Fall 2016 - SA 101 D100
Introduction to Anthropology (A) (4)
Class Number: 3370
Delivery Method: In Person
Course Times + Location:
Sep 6 – Dec 5, 2016: Tue, 8:30–10:20 a.m.
An introduction to the study of human social and cultural life from an anthropological perspective. The course will explore the scope and nature of the discipline of anthropology through study of selected cases drawn from both technologically simple communities and complex modern industrial societies. Students with credit for SA 170 may not take SA 101 for further credit. Breadth-Social Sciences. Equivalent Courses: SA170 Breadth-Social Sciences.
SA 101 invites students to engage in an exploration of “culture” and the concepts used in anthropology to understand social life. We will discuss how culture shapes different worlds of meaning, and what it means to speak of “different cultures” in a world shaped by colonial relations of power and global movements of people, parts of nature, goods and technologies. We will use one anthropology textbook, and two detailed accounts of social life. The first book focuses on the everyday lives of families living in shanty towns in Brazil near Rio de Janeiro. The second book takes a close look at changing notions of self, romance, and marriage in Nepal. As a class, we will consider the ways our own lives and histories intersect with these readings, and gain a broader perspective on difference. A key goal in this course will be learning how to think analytically and anthropologically about the lives of others and ourselves. We will use lectures, small break out sessions, painting and films to examine these issues, as well as a tutorial for more in-depth discussions.
- Midterm exam (Week 7): 30%
- Final exam (take-home): 30%
- Ethnographic exercises (see Delaney text): 30%
- Tutorial participation (including ungraded written assignments): 10%
Note the due dates on the syllabus.
Where a final exam is scheduled and you do not write the exam or withdraw from the course before the deadline date, you will be assigned an N grade. Unless otherwise specified on the course outline, all other graded assignments in this course must be completed for a final grade other than N to be assigned.
Academic Dishonesty and Misconduct Policy
The Department of Sociology and Anthropology follows SFU policy in relation to grading practices, grade appeals (Policy T 20.01) and academic dishonesty and misconduct procedures (S10.01‐ S10.04). Unless otherwise informed by your instructor in writing, in graded written assignments you must cite the sources you rely on and include a bibliography/list of references, following an instructor-approved citation style. It is the responsibility of students to inform themselves of the content of SFU policies available on the SFU website: http://www.sfu.ca/policies/gazette/student.html.

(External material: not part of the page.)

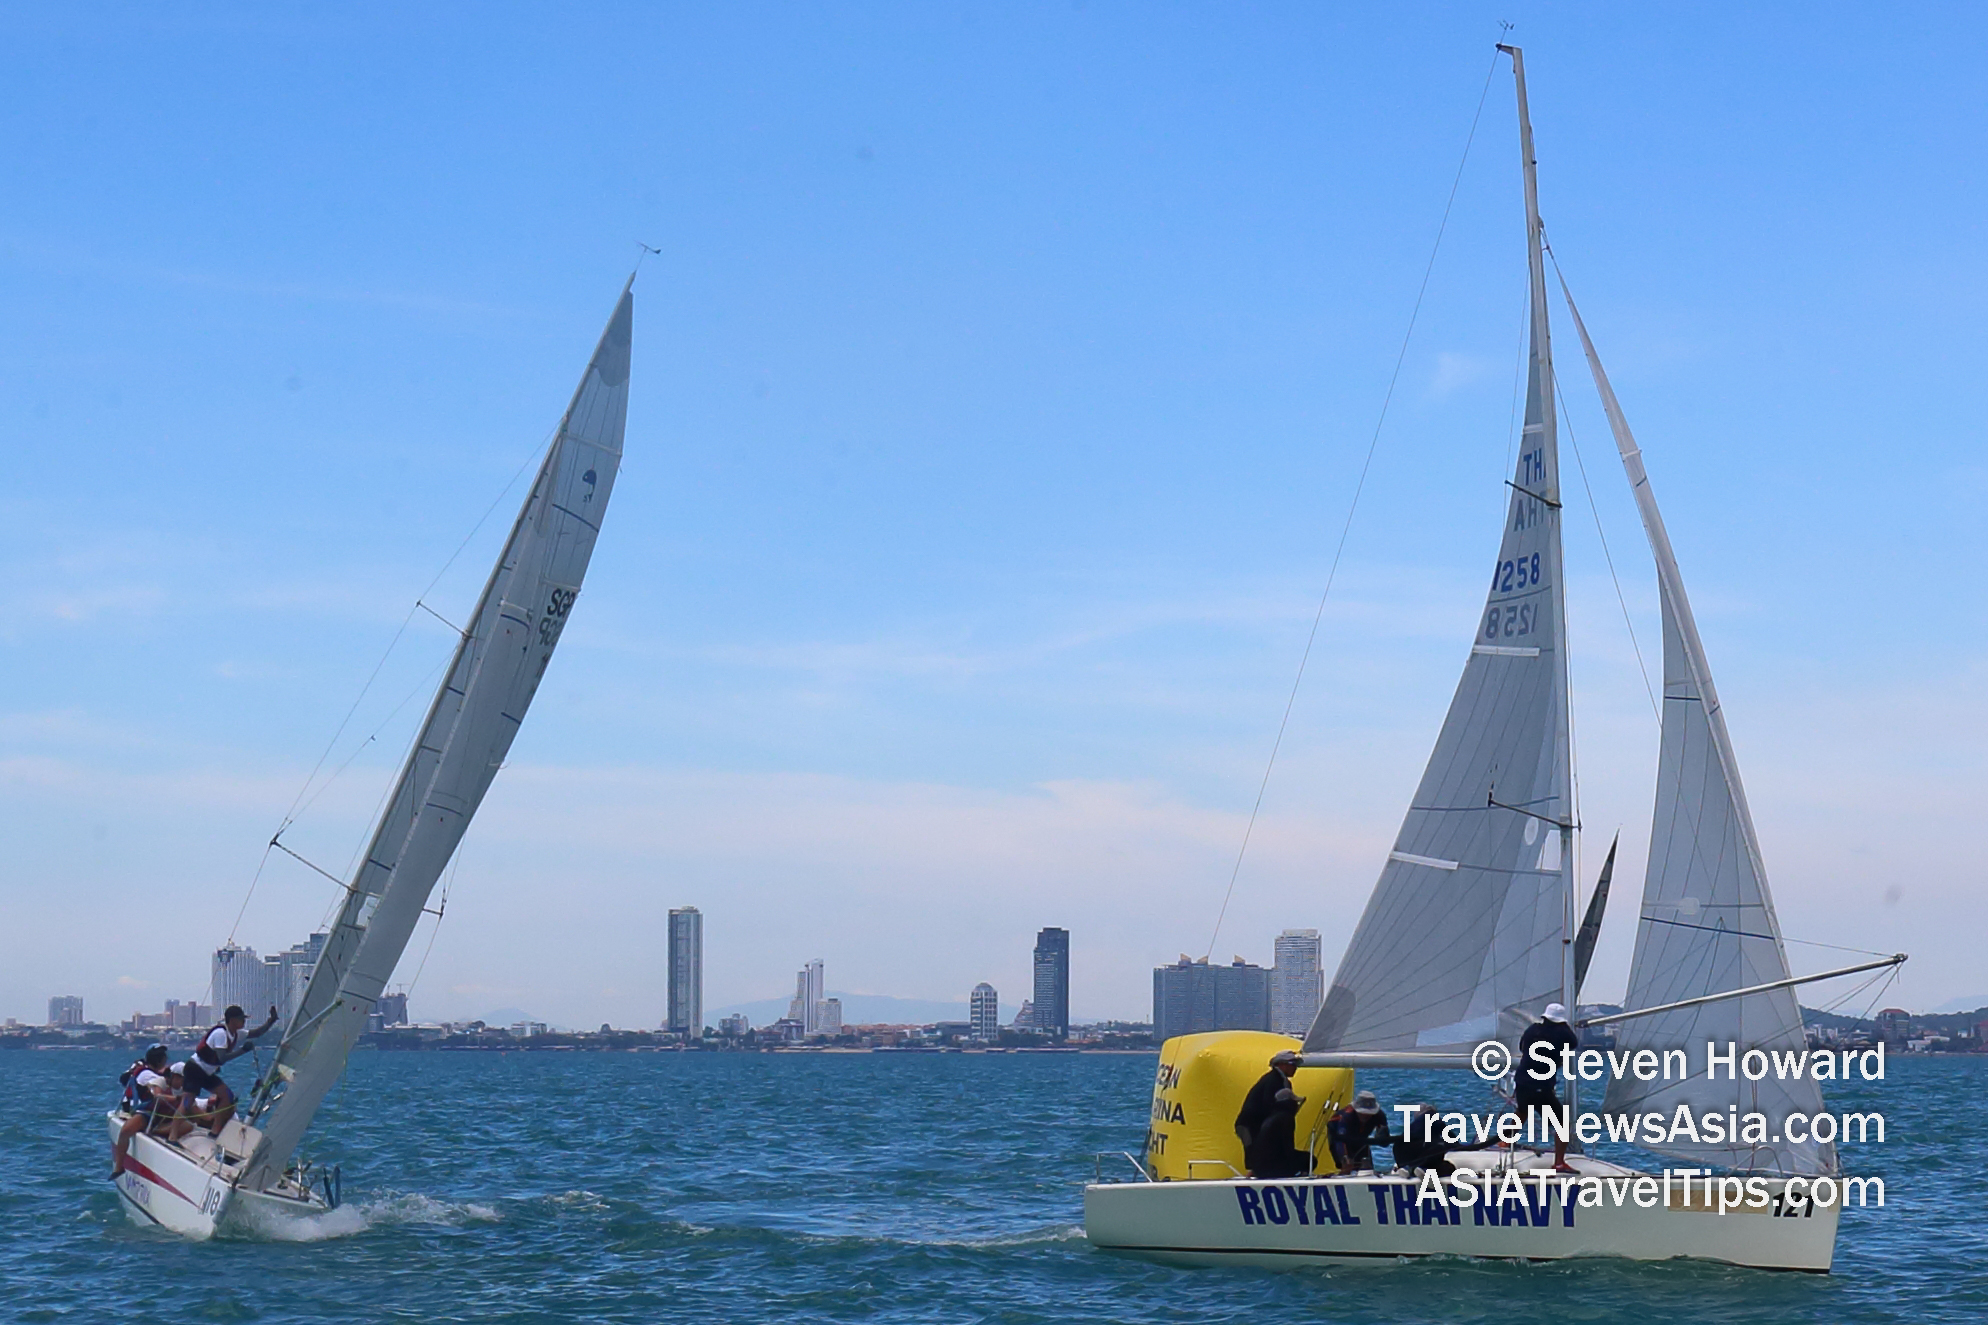 Pictures from Top of the Guf Regatta 2019 in Pattaya, Thailand

Delaney, Carol. Investigating Culture: An Experiential Introduction to Anthropology. Blackwell Publishing, 2004.
Goldstein, Donna M. Laughter out of Place. University of California Press, 2003.
Ahearn, Laura. Invitations to Love: Literacy, Love Letters, and Social Change in Nepal. University of Michigan Press, 2001.
Narayan, Kirin. Alive in the Writing: crafting ethnography in the company of Chekhov. University of Chicago Press, 2012.
SFU’s Academic Integrity web site http://students.sfu.ca/academicintegrity.html is filled with information on what is meant by academic dishonesty, where you can find resources to help with your studies and the consequences of cheating. Check out the site for more information and videos that help explain the issues in plain English.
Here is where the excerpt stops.